Owing to improvements in the management of congenital heart disease (CHD), the number of adults living with a diagnosed, repaired or palliated CHD is increasing constantly. The specificity and the complexity of this population have justified the adaptation of centres performing surgery for CHD and the specification of many “paediatric and congenital cardiologists” also as “adult congenitalists”. On the other hand, it is not uncommon that these patients require surgical and/or interventional procedure(s) during their adult life. Despite the increasing number of centres offering 24-hour access to catheterization staff, imaging staff and surgical staff competent in the management of adult CHD, the debate continues as to who should/can optimally care for such patients when a procedure is justified, and what is the optimal environment?
In 2000, presentations given at the 32nd Bethesda Conference resulted in significant contributions to the management of adult CHD. One recommendation that arose from the meeting was that – with the exception of simple septal defects and isolated valve disease – interventionists and surgeons specialized in CHD should perform procedures for adults with CHD .

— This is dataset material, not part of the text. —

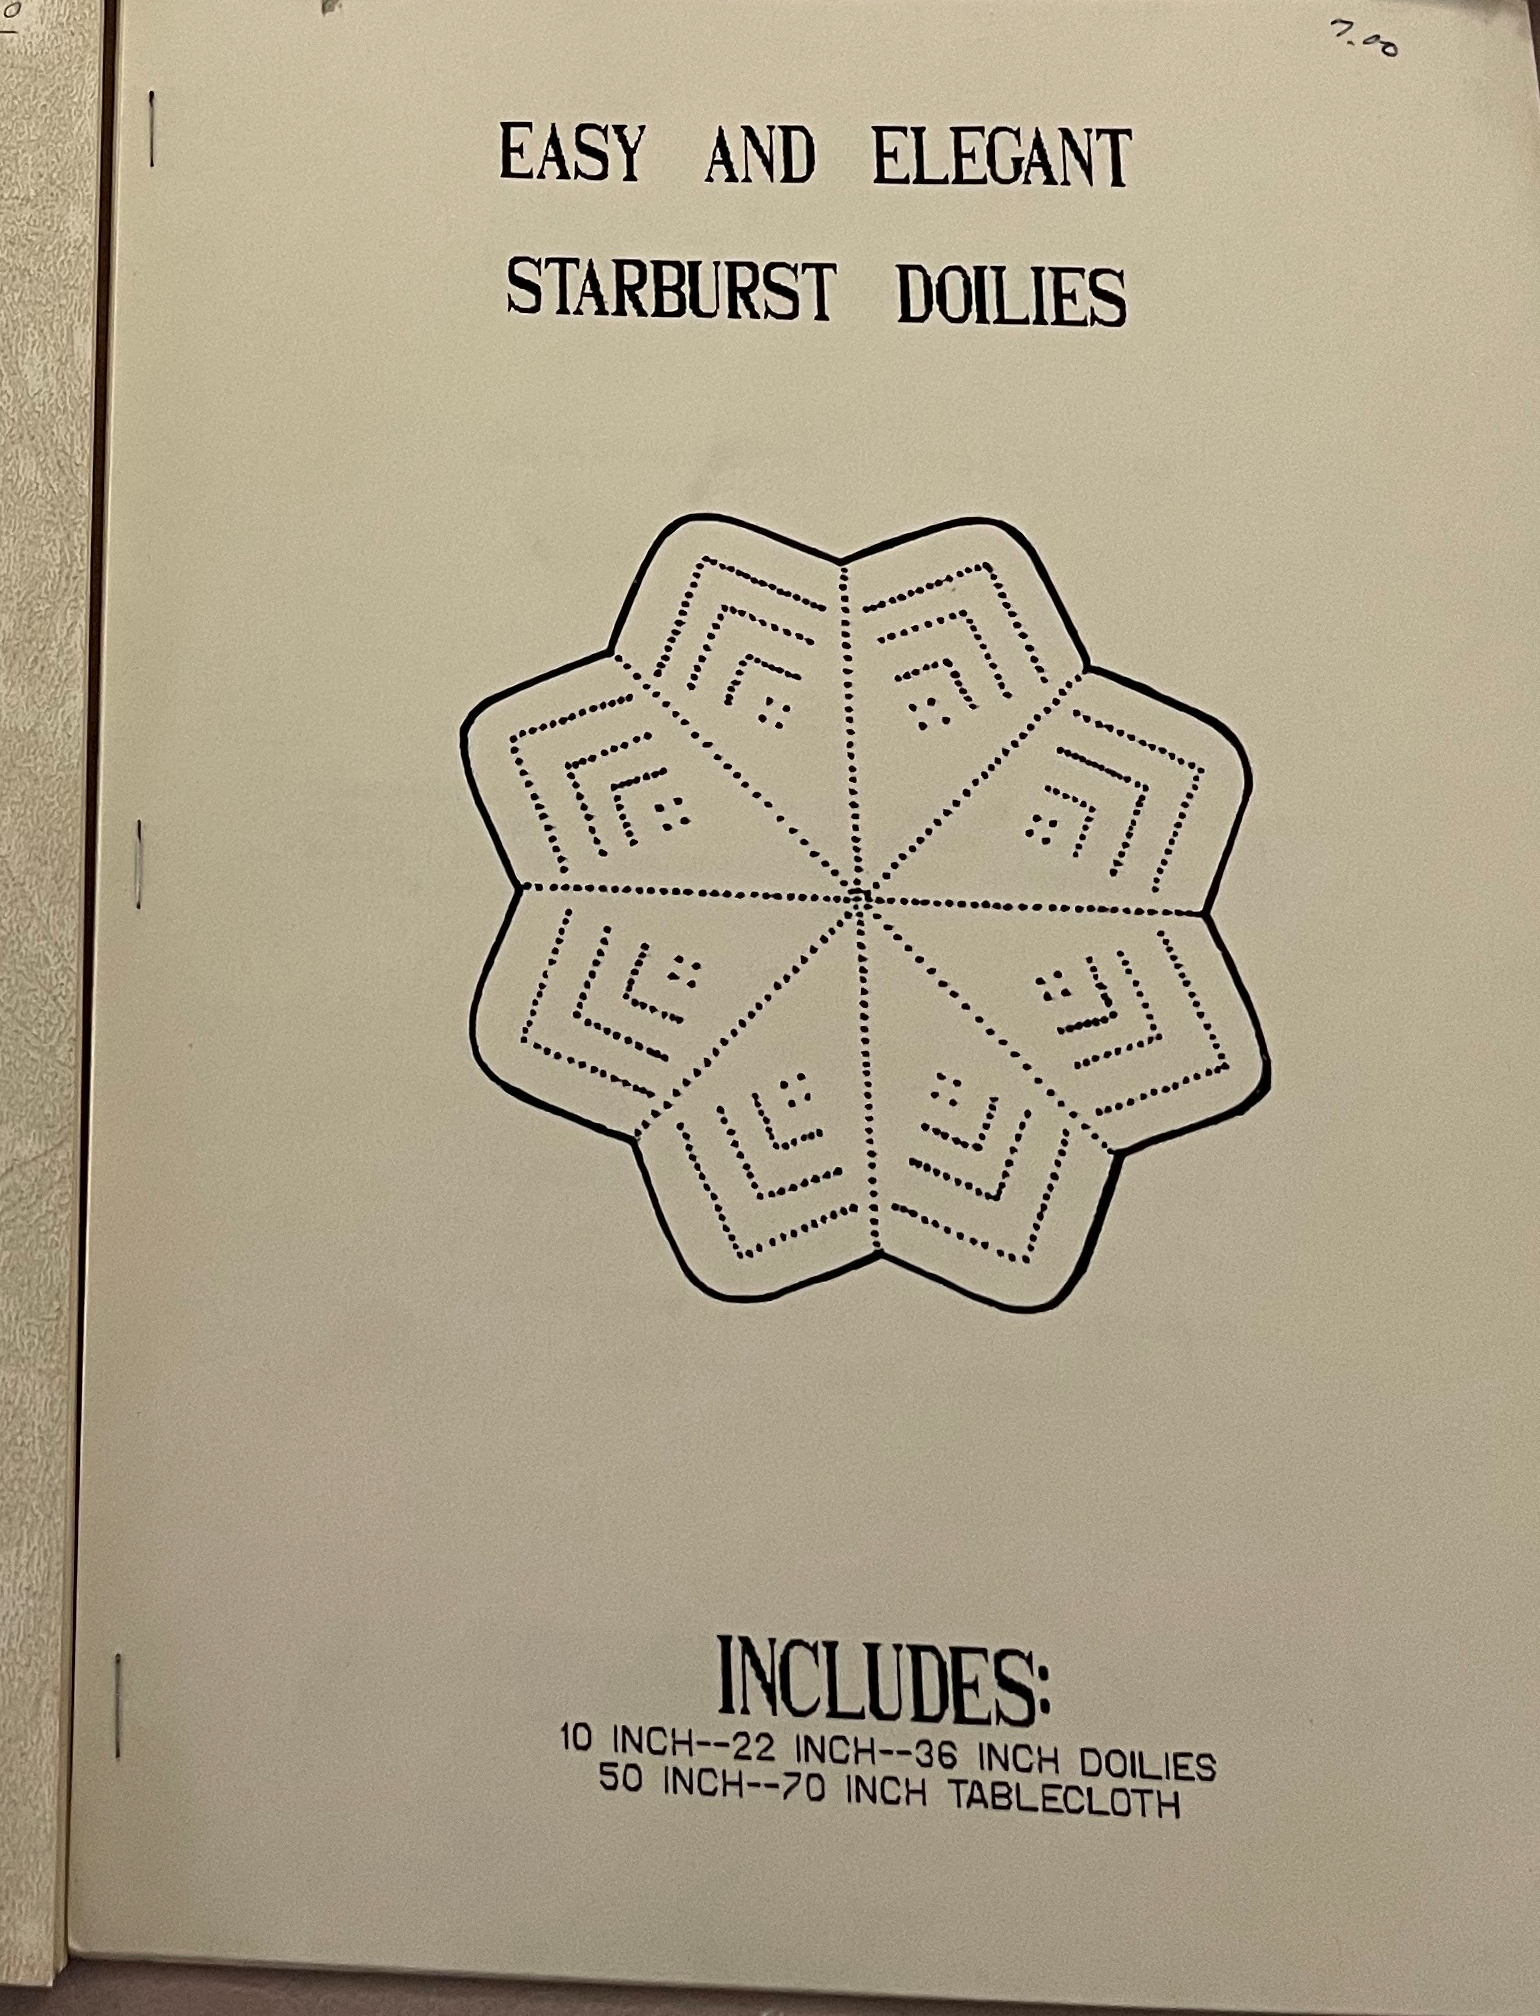 Easy and Elegant Starburst Doiles: Includes 10, 22, and 36 inch dolies and 50 and 70 inch tablecloths

It is well known that – in the management of CHD more than anywhere – optimal surgical outcomes are obtained not only through surgical performance, but also with the equivalent contribution of perioperative care, including anaesthesia, cardiopulmonary bypass and postoperative care. Thus, a department that aims to perform procedures for adults with CHD requires not only a surgeon competent in CHD, who is able to deal with often complex and challenging adult patients, but also a perioperative medical environment that meets the specificity and complexity of each particular patient. This is more likely to be a team that is routinely involved in the care of CHD than one focusing on adults with acquired diseases such as ischaemic or degenerative cardiovascular pathologies. Unfortunately, the rarity of adults with CHD requiring surgery and also the regionalization of care do not allow the constitution of a fully dedicated team-centre for this purpose. Two clinical environmental options remain:
- 1.
the same physicians, same “surgery–anaesthesia–postoperative care” team, in a single institution organized for the surgical management of CHD, from birth to old age (the ideal scenario);
- 2.
if not, a surgeon specialist in CHD practising in a children’s hospital, performing procedures for adults with CHD in a different institution (the most common scenario).
Surgery for adults with CHD is demanding. It requires knowledge of the different historical steps in the surgical management of CHD, the anatomo-pathology of CHD, and also skills necessary to manage conditions such as aortic arch pathology in adults, to repair both arterial and atrio-ventricular valves, to understand the anti-arrhythmic procedures, and to deal with the specific conditions as anatomical variations complicating cardiopulmonary bypass management or long-term consequences of chronic cyanosis. Nowadays, the relative rarity of adults with CHD does not yet justify the attribution of a “label” for that purpose. However, to optimize outcomes and improve experiences, it seems that complex patients and heart transplantation for adults with CHD should better be concentrated towards dedicated surgeons…
Disclosure of interest
The author declares that he has no competing interest.